These commands are meant to be run by the user outside jobs. They are:

Command	Short description
`lautodep`	run a script in an execution environmeent while recording accesses
`lcollect`	remove obsolete files and dirs
`ldebug`	run a job in a debug environement
`ldircache_repair`	repair a broken repo
`lforget`	forget history of a job
`lmake`	run necessary jobs to ensure a target is up-to-date
`lmark`	mark a job to alter its behavior w.r.t. `lmake`
`lrepair`	repair a broken repo
`lshow`	show various informations of a job
`xxhsum`	compute a checksum on a file

commands to interact with open-lmake from within jobs

These commands are meant to be run from within a job. They are:

Command	Short description
`lcheck_deps`	check currently seen deps are all up-to-date and kill job if not the case
`ldecode`	retrieve value associated with a code
`ldepend`	generate deps
`lencode`	retrieve/generate a code associated with a value
`lrun_cc`	run a compilation, ensuring include dirs and lib dirs exist
`ltarget`	generate targets

Experimental features

The features described herein are experimental as long as they have not been thoroughly used.

If you plan to use one of those, best is to be in contact with the development team to:

get dedicated support
make necessary evolutions so as to fit your needs as they appear

As a consequence, it is most probable that the specifications will evolve in a non-backward compatible way.

Cache

Several cache mechanisms will be implemented but for now, ony one exists.

DirCache

This cache is based on a shared dir and requires no running daemon.

It must be initialized with a file LMAKE/size containing the overall size the cache is allowed to occupy. The value may end with a unit suffix in k, M, G, T (powers of 1024). For example LMAKE/size can contain 1.5T.

Encoding and decoding

In some situations with heavily parameterized generated files, file names can become very long. Think of the mere compilation of a C++ file foo.c. You may want to specify:

the optimization level through a -O argument
Whether debug checks are enable through the definition of NDEBUG
a trace level through the definition of a macro such as TRACE_LEVEL
whether and how to instrument with -fsanitize
whether some internal data are 32 or 64 bits
whether to use a reference algorithm or an agressively optimized one used in production.
...

You may want to be able to generate any combination so as, for example, compare the output of any 2 of them for validation purpose. You easily end up with an object file with a name such as foo.O3.NDEBUG.TRACE_LEVEL=1.sanitize=address.32.o. Already 50 characters or so. In a real projects, file names can easily be 200, 300, 400 characters long.

As long as the file name, with adequate shorthands such as using TL instead of TRACE_LEVEL fits within a few hundreds of characters, the situation is heavy but manageable.

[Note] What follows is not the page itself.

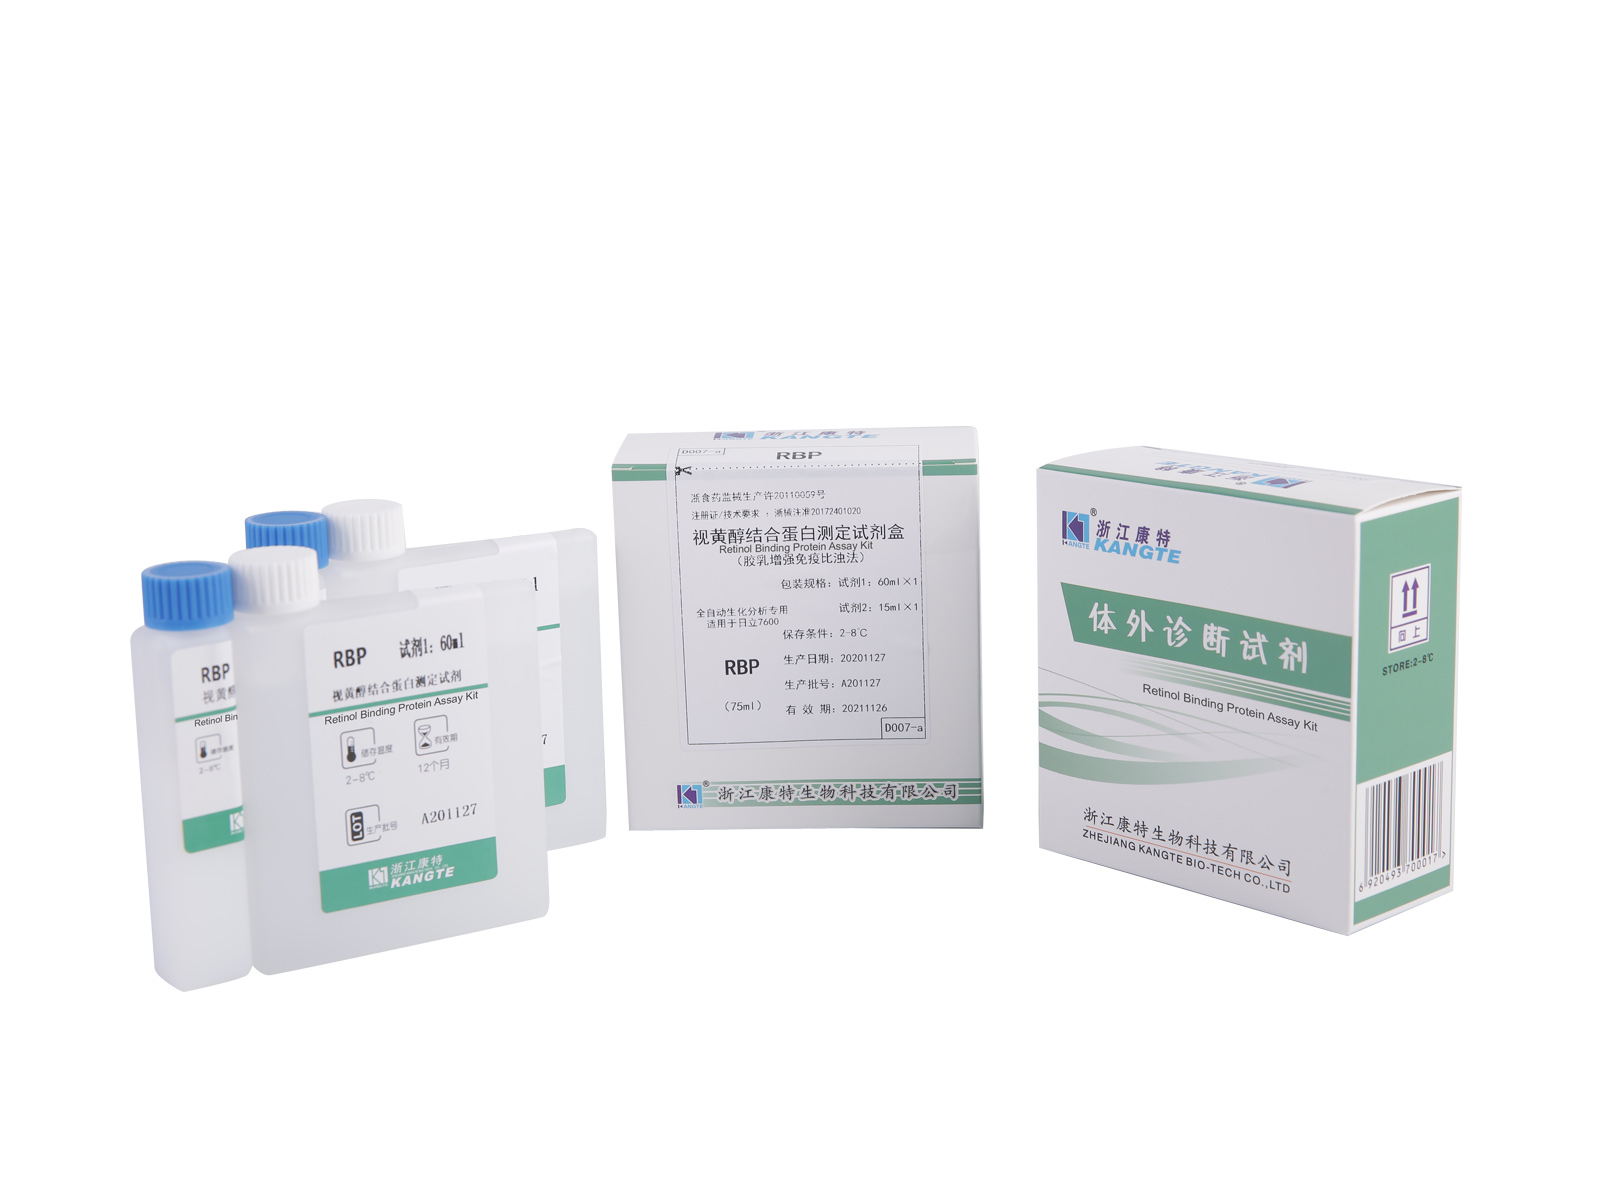 【RBP】 Retinol Binding Protein Assay Kit (Latex Enhanced Immunoturbidimetrisk Metode)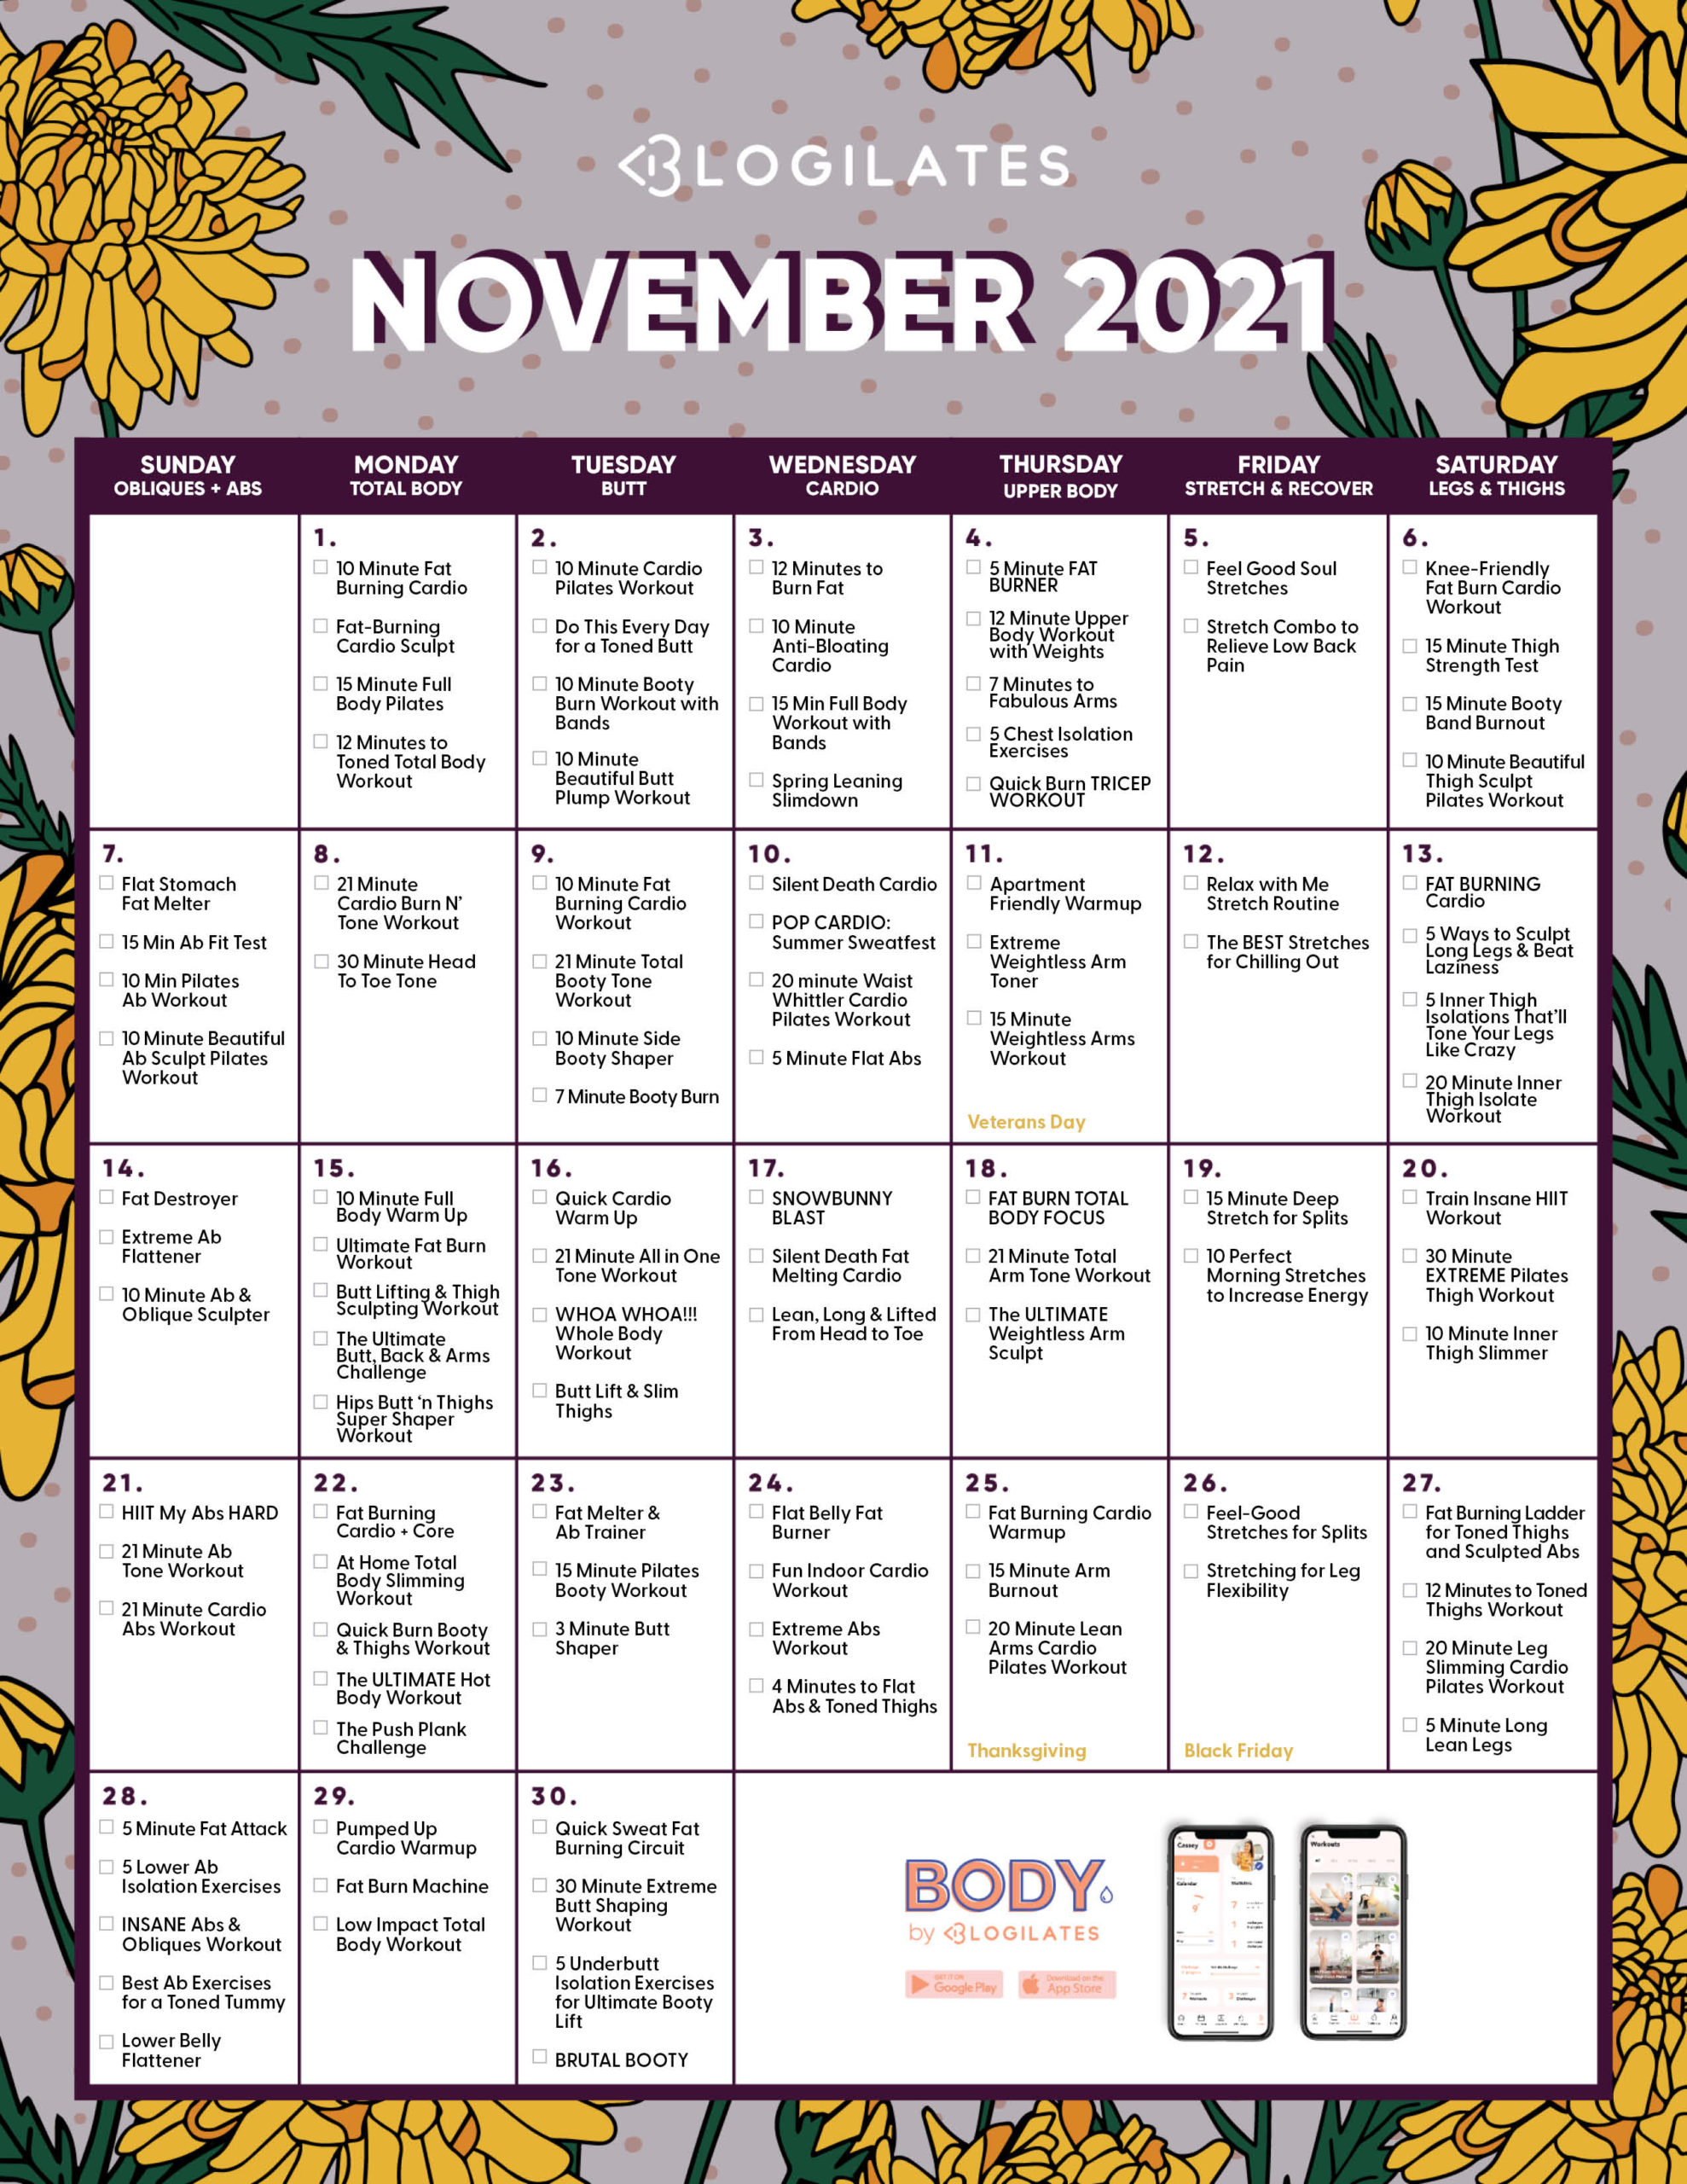 The Blogilates November 2021 Workout Calendar!

But if you need, say 3000 characters to specify a file, then it becomes completely impractical.

When the configuration can be devised in advance, in a stable way, an efficient alternative is to create a file to contain it, which becomes a configuration name, and just specify the configuration name in the generated file.

In the example above, you may have a file test.opts that contains options for testing and prod.opts that contains options for production. then, your object file is simply named foo.test.o or foo.prod.o.

When it is not, the situation is more complex and you need to automatically generate these configuration files with reasonably short names. A practical and stable way to generate short names is to compute a checksum on the parameters. You then need a way to retrieve the original parameters from the checksum to generate the generated file (the .o file in our example). In doing so, you must account for:

robustness : because such checksums are subject to the birthday paradox, you need either to deal with collisions are provide enough margin (roughly doubling the size) to avoid them.
repeatability : your system must not prevent you from being able to repeat a scenario that was generated some days, weeks, months earlier.
merging : when you invent a name, think that some colleagues working on the same project may also invent names, and they may collide. Tools such as git are there to help you in this process, but your scheme must be git friendly.
performance : you must have a scheme that support as many code/value associations as necessary for your case, without spending most of its time searching for value when given a code.
communication : ideally, you may want to signal a bug to a colleague by just telling him "build that target, and you see the bug". If the target refers to a code, he may need some further steps to create the code/value association, which goes against communication.

One way to deal with this case is to create a central database, with the following pros and cons:

robustness : collisions can easily be dealt with.
repeatability : this is a probleme. When dealing with collisions, some codes change, which change old repo because the database is not itself versioned. This is a serious problem.
merging : no merging.
perfomance : accessing the data in a performant way is easy. Detecting modifications so that open-lmake can take sound decisions may be more challenging.
communication : excellent, the database is shared
installation : you need a server, configure clients to connect to it, etc. it is some work
maintainance : as any central services, you may inadvertently enter wrong data, you need a way to administer it as it has the potential to block the whole team.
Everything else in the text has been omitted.